A simple homoclinal layer of sedimentary rocks, about
1500 m thick, consisting of platform sandstones and
carbonates of Proterozoic, Cambrian, and Permo-Triassic
age.
IMPACTOR
Probably an ordinary chondrite, about 8 km diameter,
3.5 g/cm3, with a trajectory 210o -220o. Such a body,
with a velocity of about 20 km/s, would deposit about
1.7 x 1023 J of energy [Masaitis].
Use of Melosh's cratering program back-calculates
a stony asteroid impactor slightly less than 5.0 km
in diameter.
CRATER
The crater is 100 km diameter, as measured by the
extent of deformation of bedrock by thrusting.

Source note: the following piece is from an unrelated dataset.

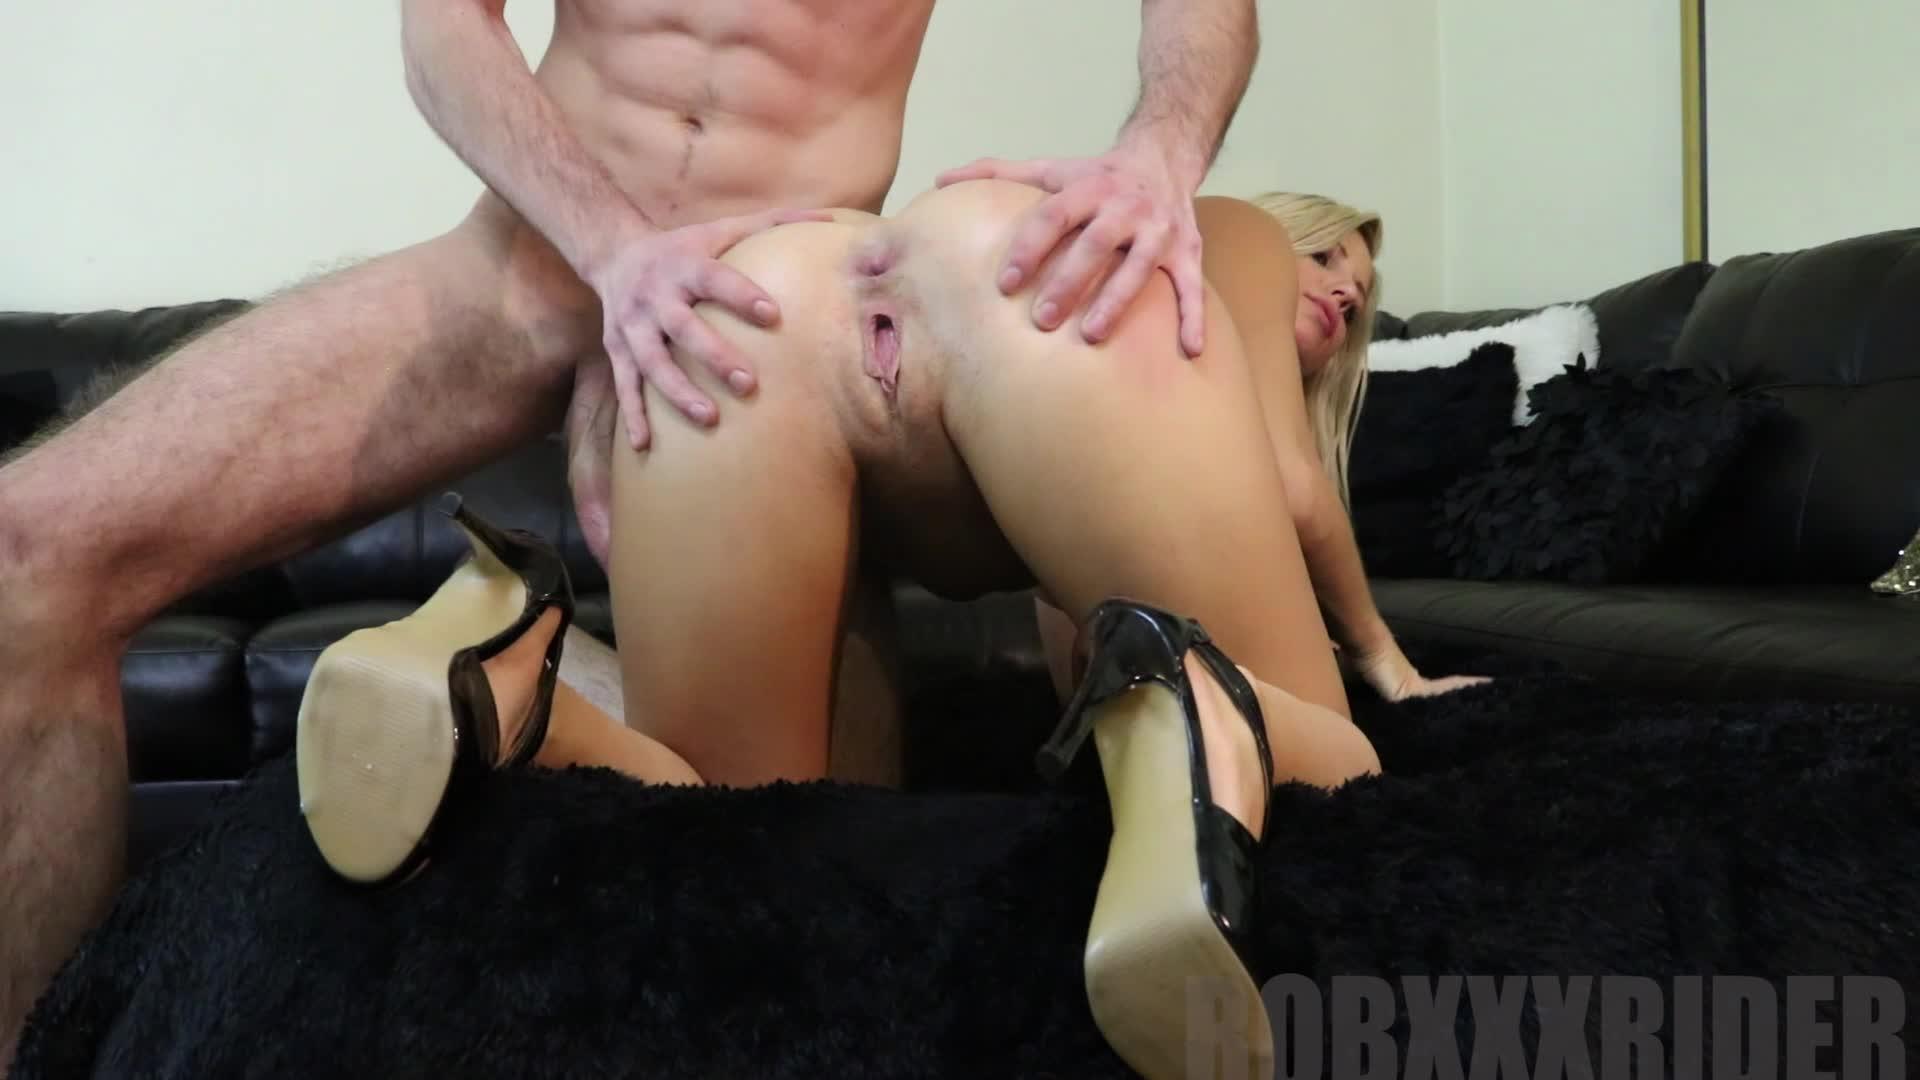 Robxxxrider videos

The geophysical signatures of the structure are a
magnetic low and a gravity low with a central gravity
high.
The crater is filled with 2-2½ km of suevite
[75%] and melt rock [tagamite] [25%].
The crater floor has a low topographic high in the
center of a central basin, with an outer synform-antiform.
SHOCK METAMORPHISM
The impact created:
shatter cones in Archean gneisses
PDFs [planar deformation features]
lechatelierite and diaplectic glasses
coesite and stishovite [polymorphs, or high-pressure
forms, of quartz].
Shock pressures instantaneously transformed graphite
to diamond within 13.6 km of ground zero.
SIGNIFICANCE
Popigai is a world-class impact structure that is
well preserved and well exposed, providing a good
view of impact structures and rocks and permitting
access to internal materials. Three other craters
are larger, but they are either buried [Chicxulub],
strongly deformed [Sudbury], or deformed and severely
eroded [Vredefort]. The exposures and preservation
at Popigai permit a detailed account of the impact
mechanisms to be interpreted [see Impact Scenario
below].
Popigai may represent one of two or three simultaneous
impacts. The 35.7 (± 0.2) Ma date precedes
the 35.2-35.5 Ma Chesapeake Bay impact and the same-age
Toms Canyon impacts, but the error bars do not preclude
synchronism.
Popigai precedes the 33.7 Ma Oligocene/Eocene boundary.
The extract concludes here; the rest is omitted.